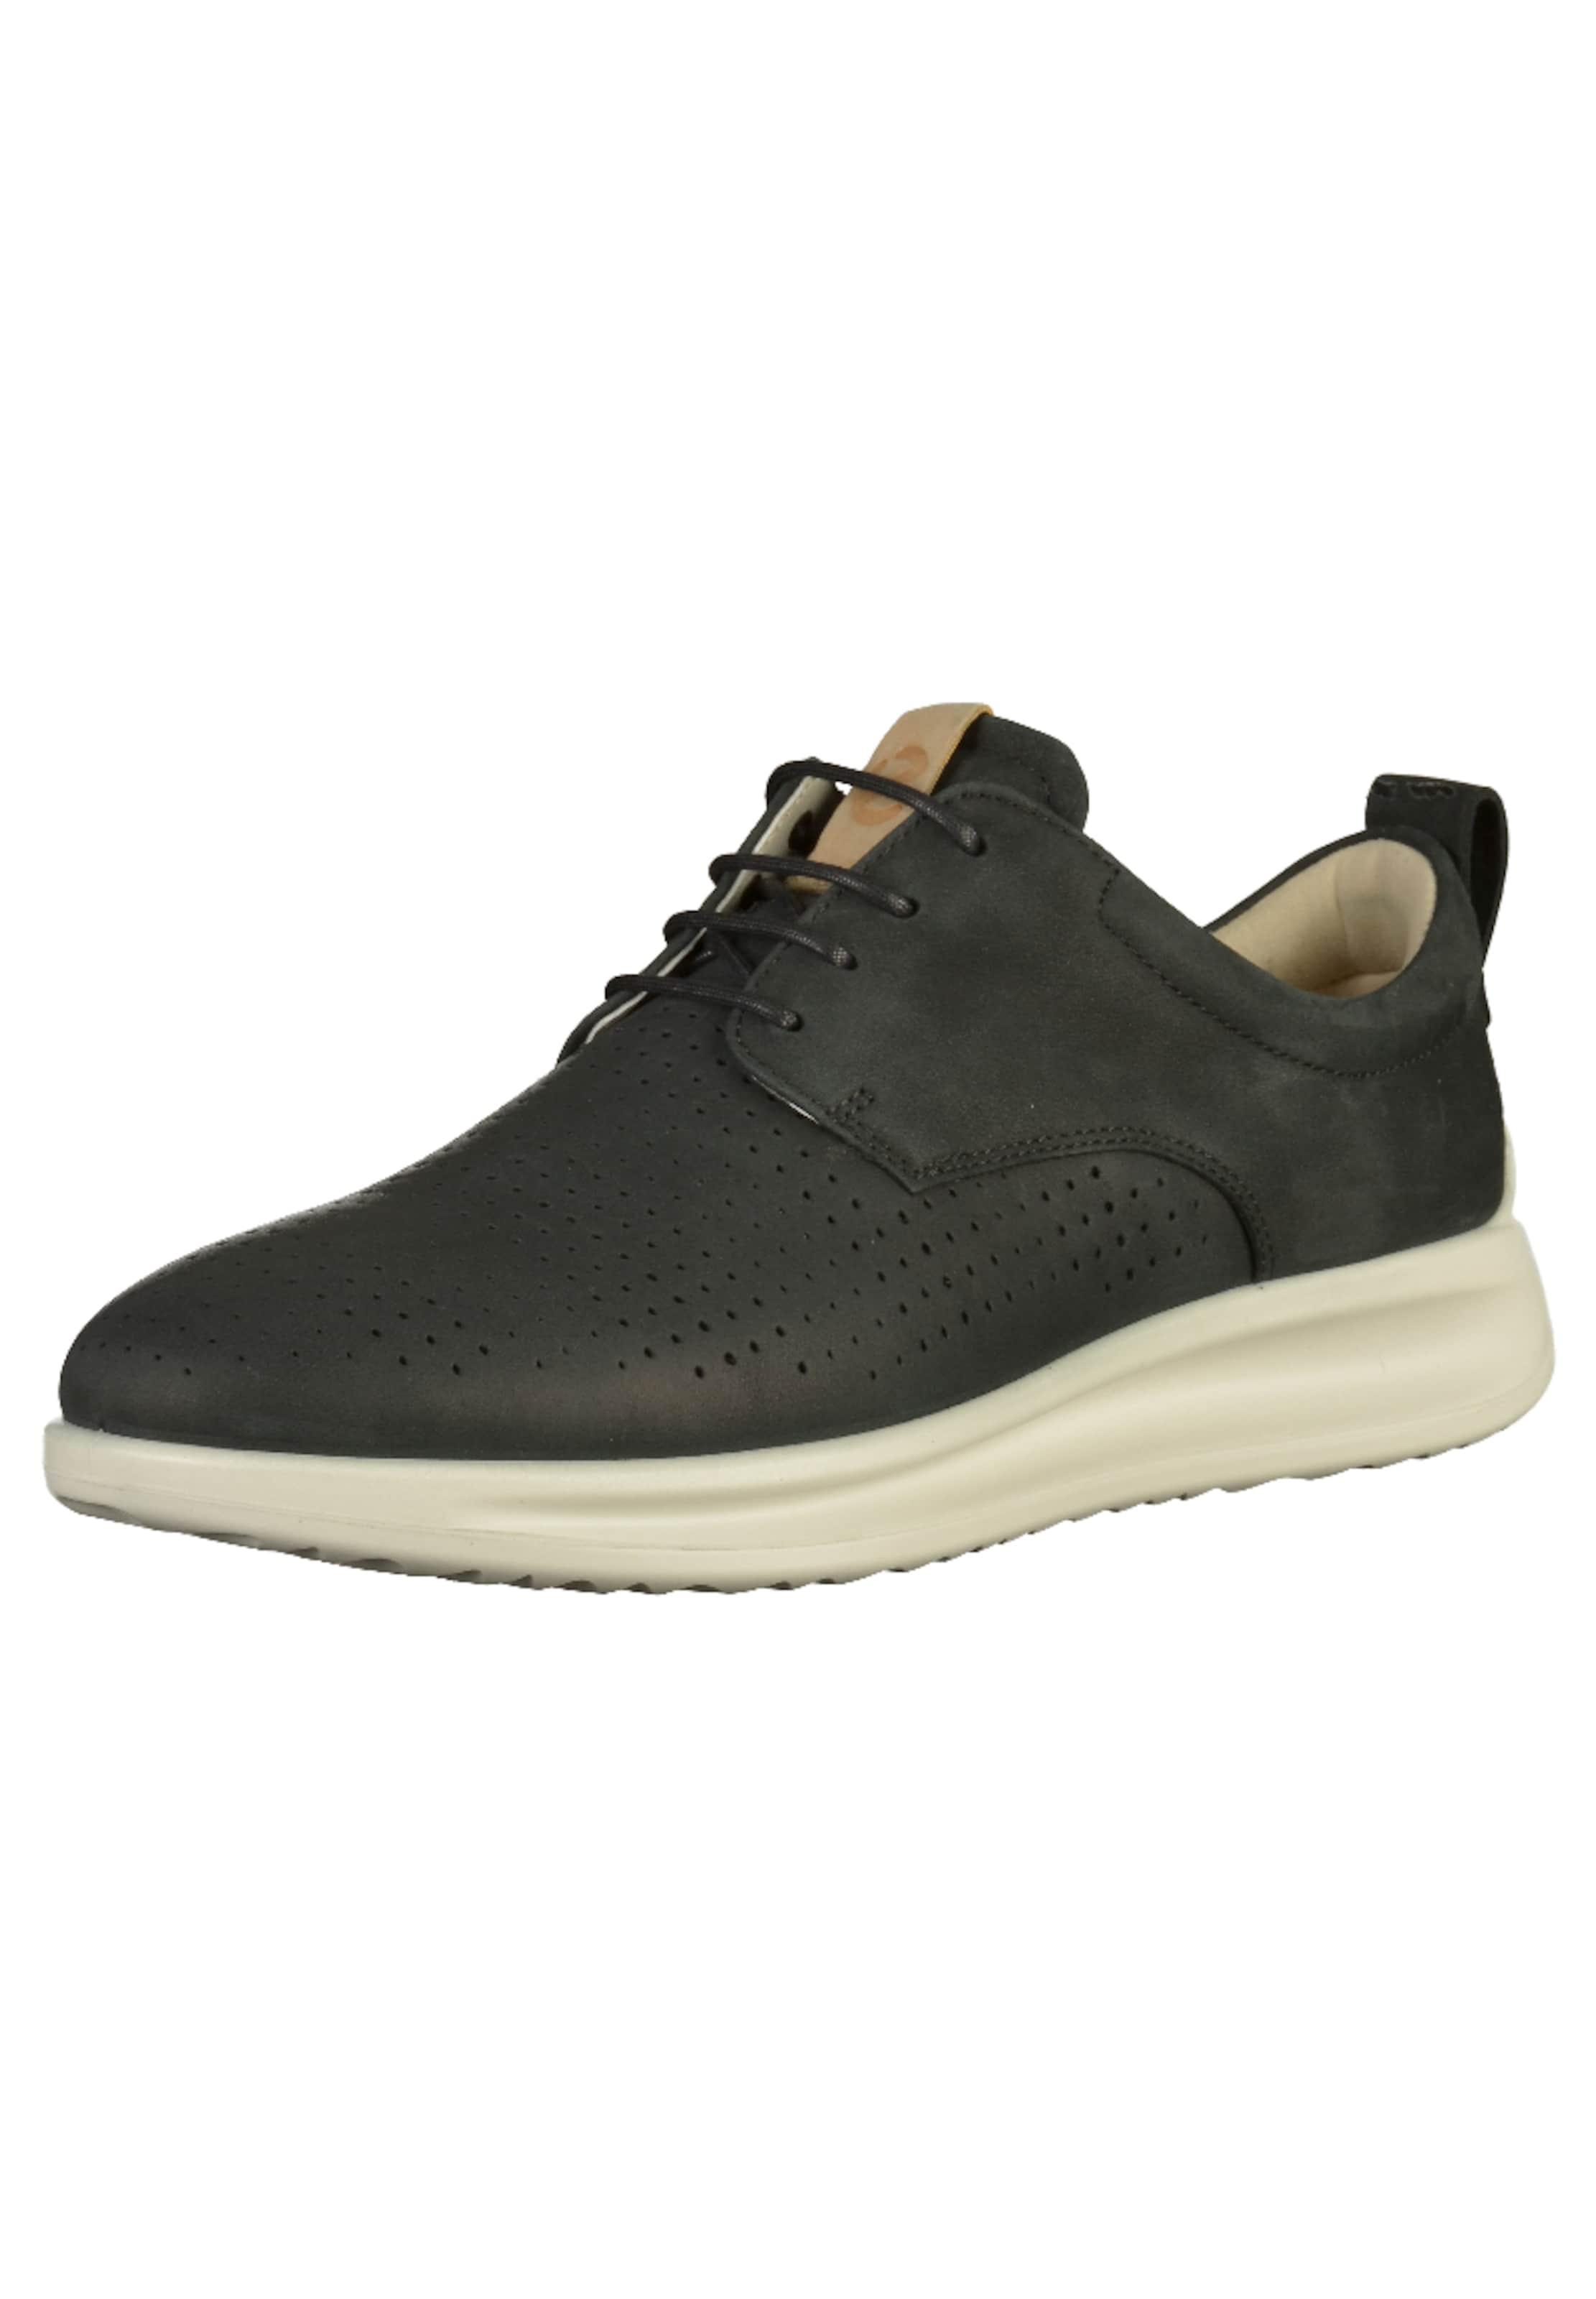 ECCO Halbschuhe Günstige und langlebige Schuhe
══════
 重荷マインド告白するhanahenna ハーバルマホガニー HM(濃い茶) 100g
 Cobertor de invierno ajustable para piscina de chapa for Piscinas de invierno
══════
What the exercise asks — Among the records above, extract exactly the lines from the line with "重荷マインド告白するhanahenna ハーバルマホガニー HM(濃い茶) 100g" to the line with "Cobertor de invierno", both lines included, and leave out the rest.

Solution for this problem —
 重荷マインド告白するhanahenna ハーバルマホガニー HM(濃い茶) 100g
 Cobertor de invierno ajustable para piscina de chapa for Piscinas de invierno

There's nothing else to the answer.